→ **What this task involves**
Please return the data that follows precisely as written, but without the images.

→ **Data excerpt**
________________________
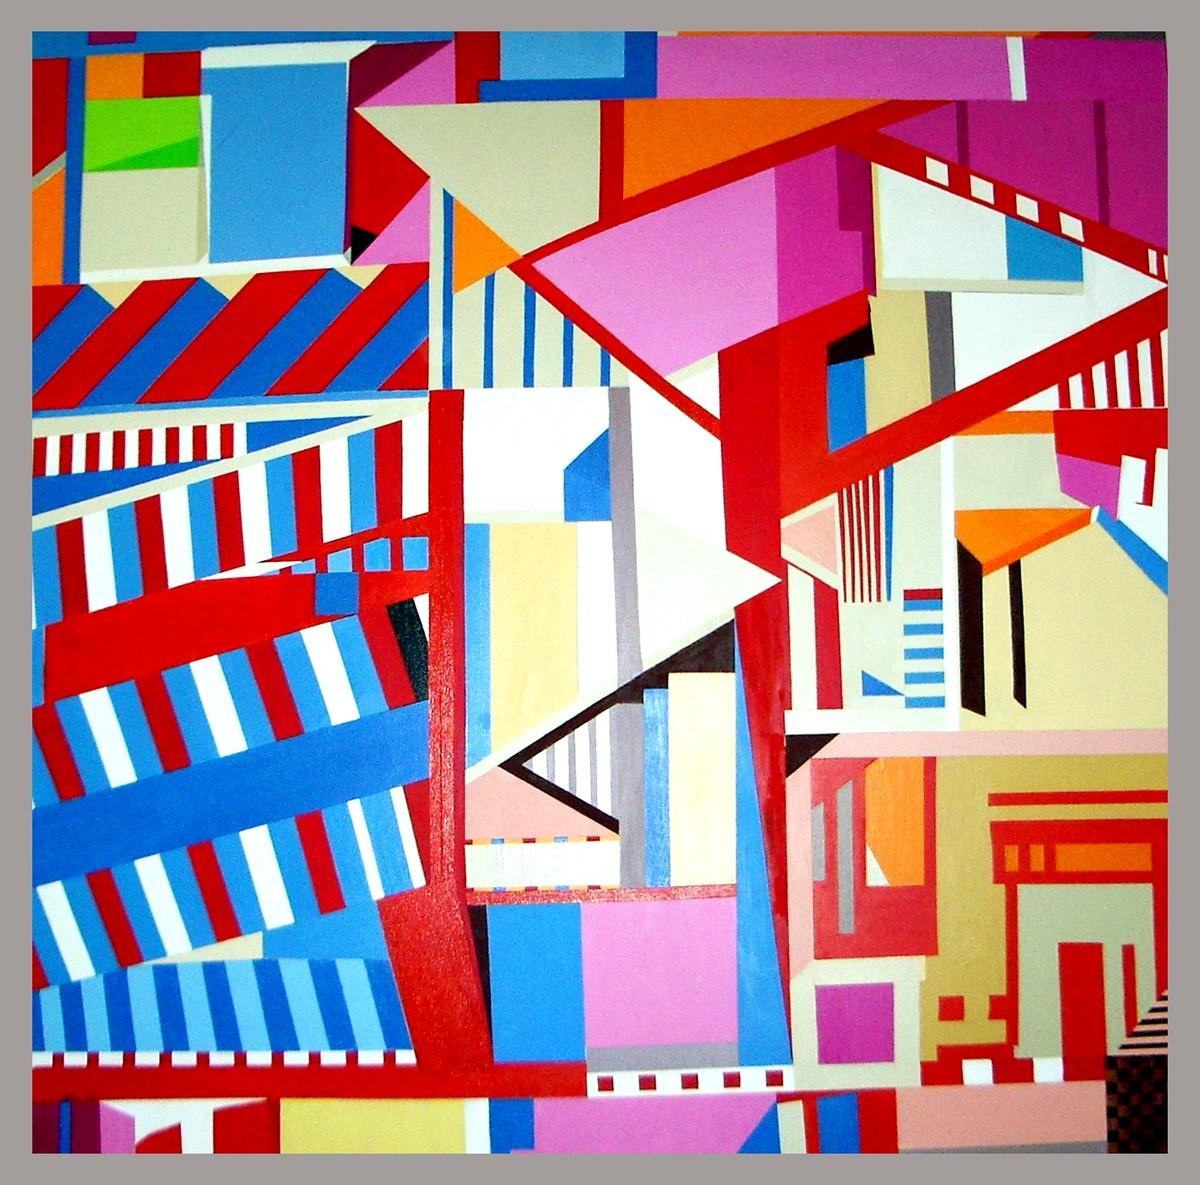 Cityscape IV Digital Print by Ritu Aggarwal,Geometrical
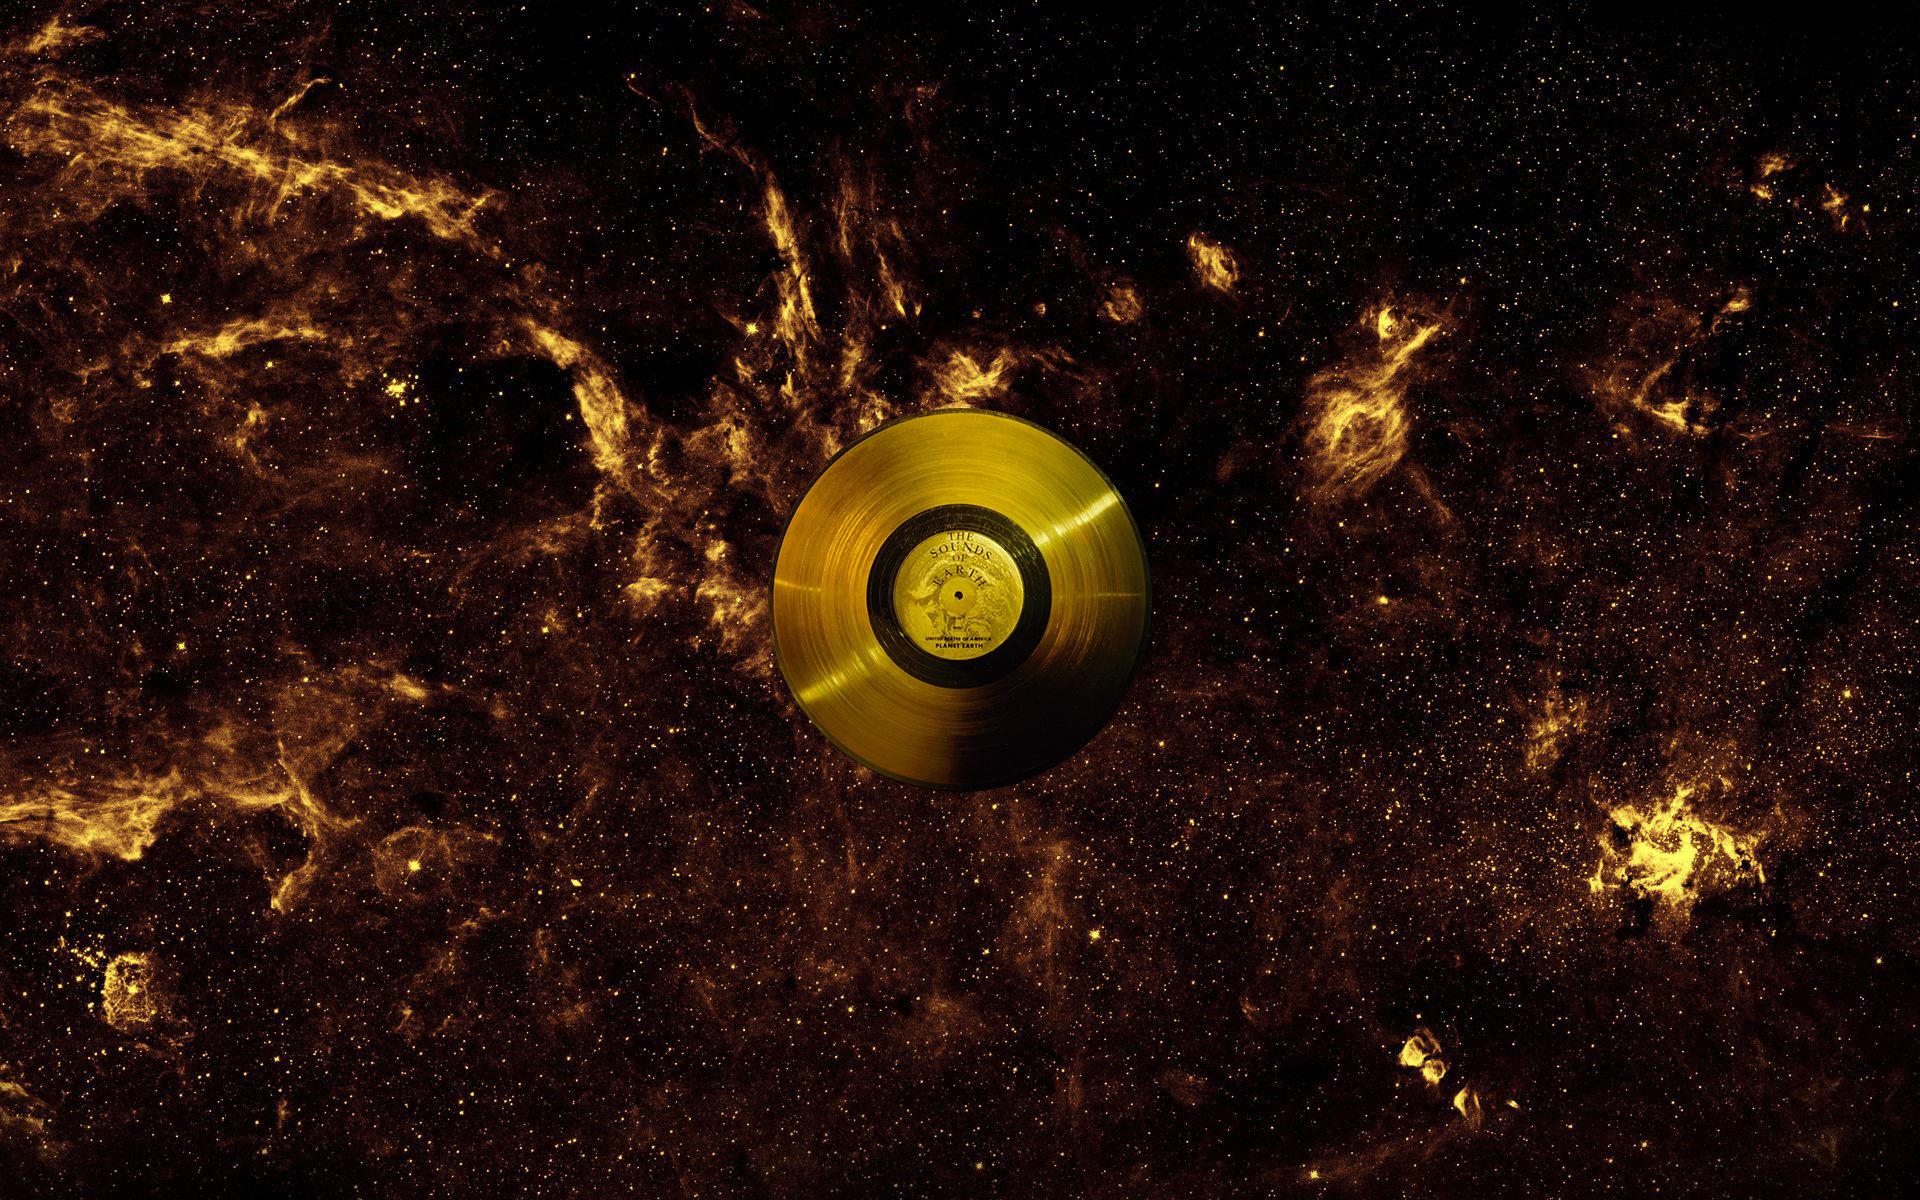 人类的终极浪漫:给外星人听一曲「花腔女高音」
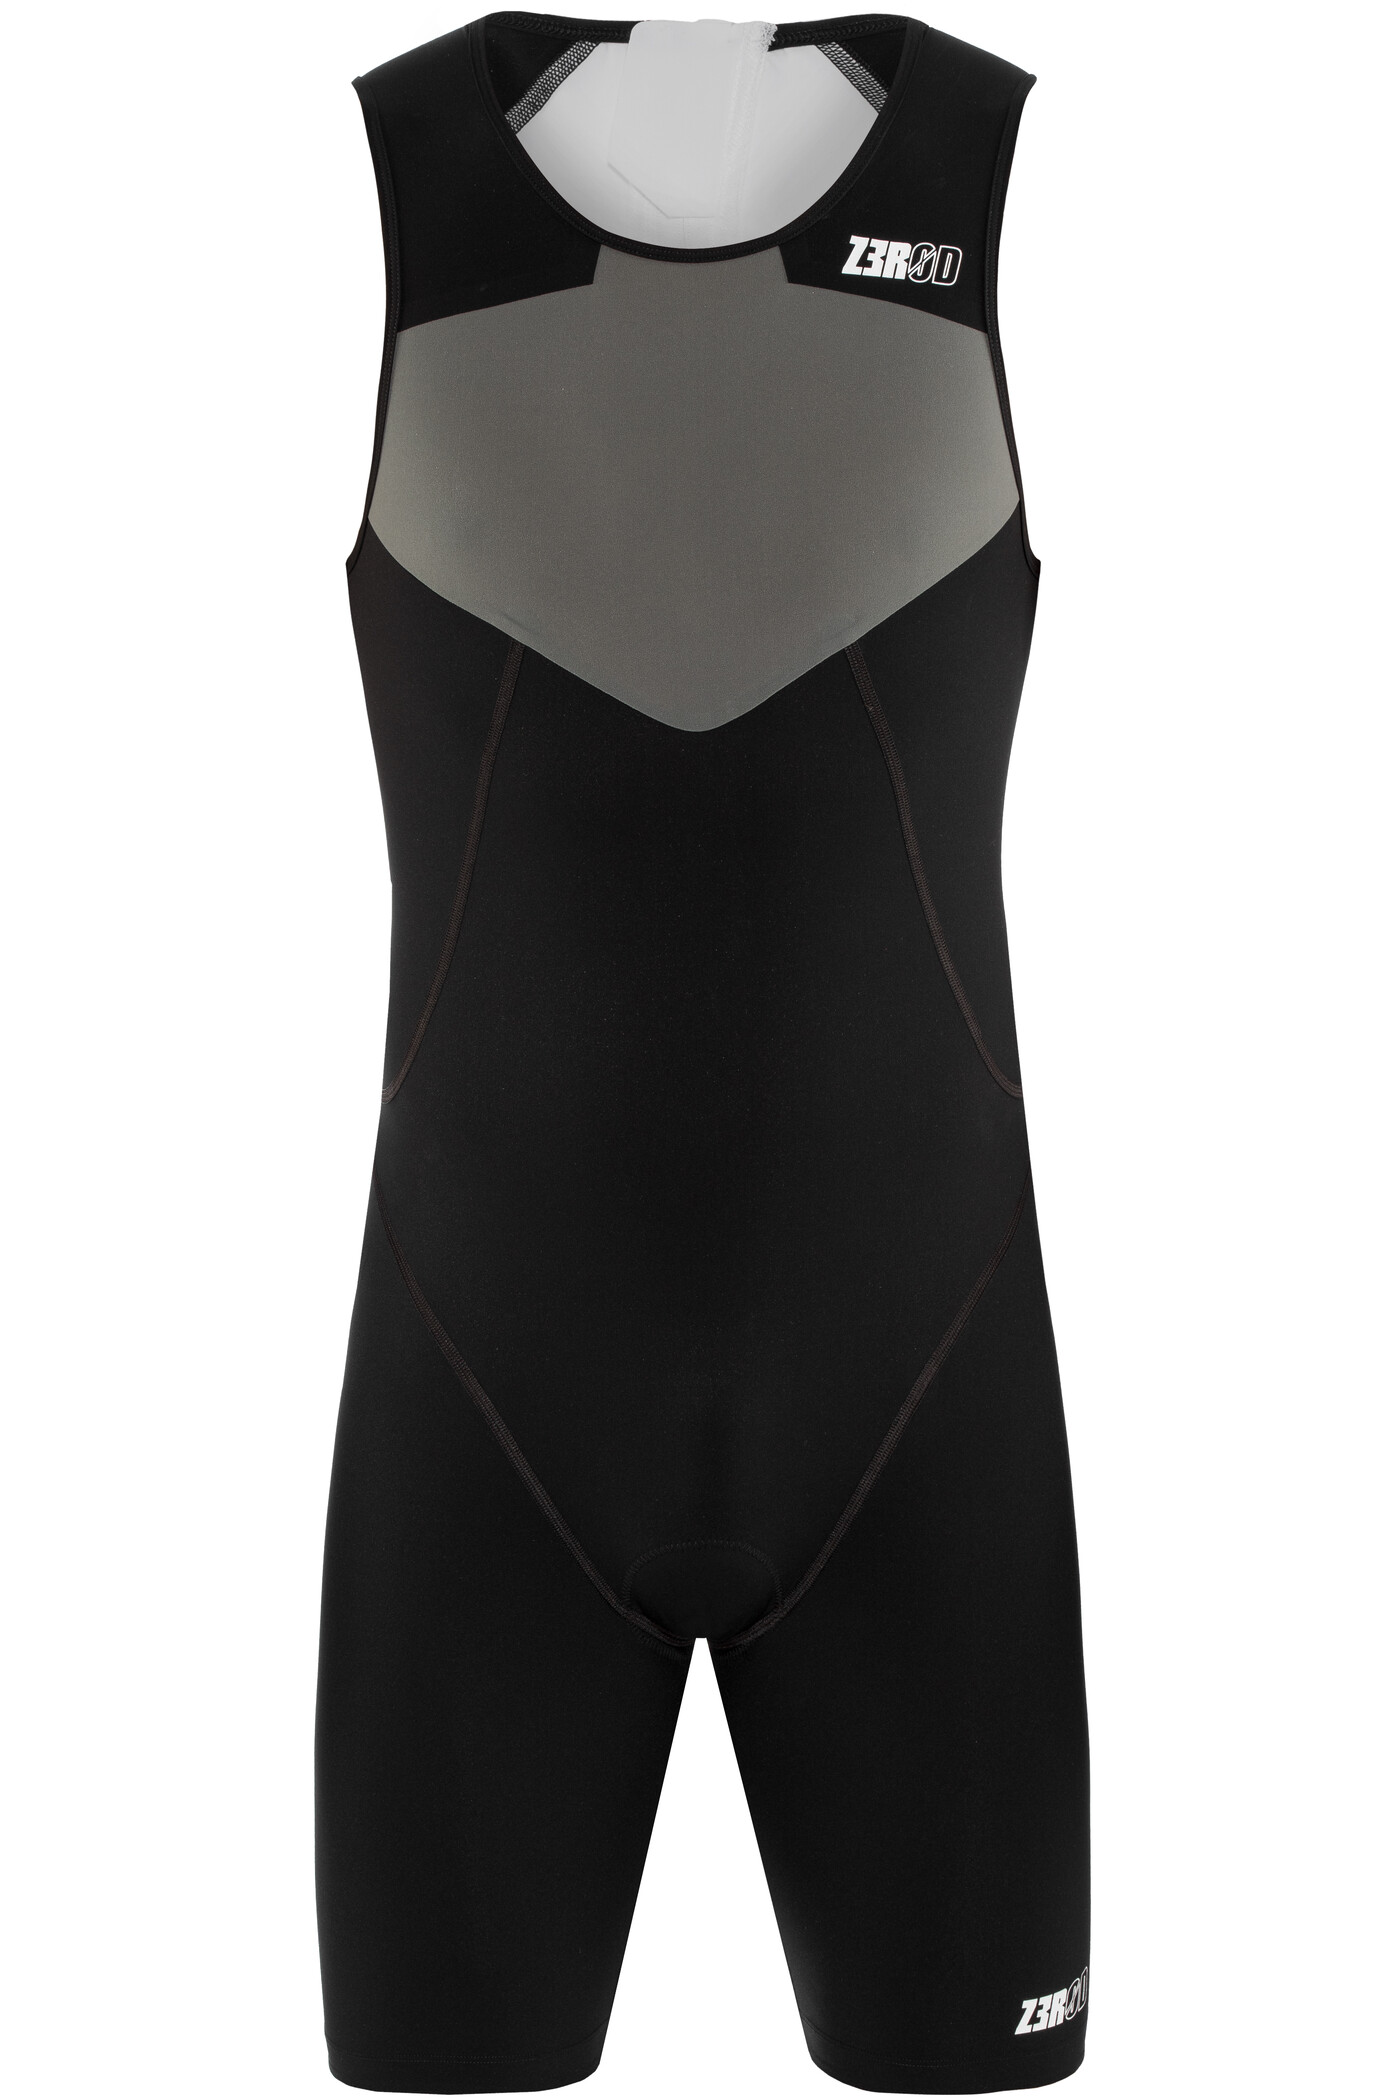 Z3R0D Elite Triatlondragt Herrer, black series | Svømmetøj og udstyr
________________________
→ **Answer for the task**
 Cityscape IV Digital Print by Ritu Aggarwal,Geometrical
 人类的终极浪漫:给外星人听一曲「花腔女高音」
 Z3R0D Elite Triatlondragt Herrer, black series | Svømmetøj og udstyr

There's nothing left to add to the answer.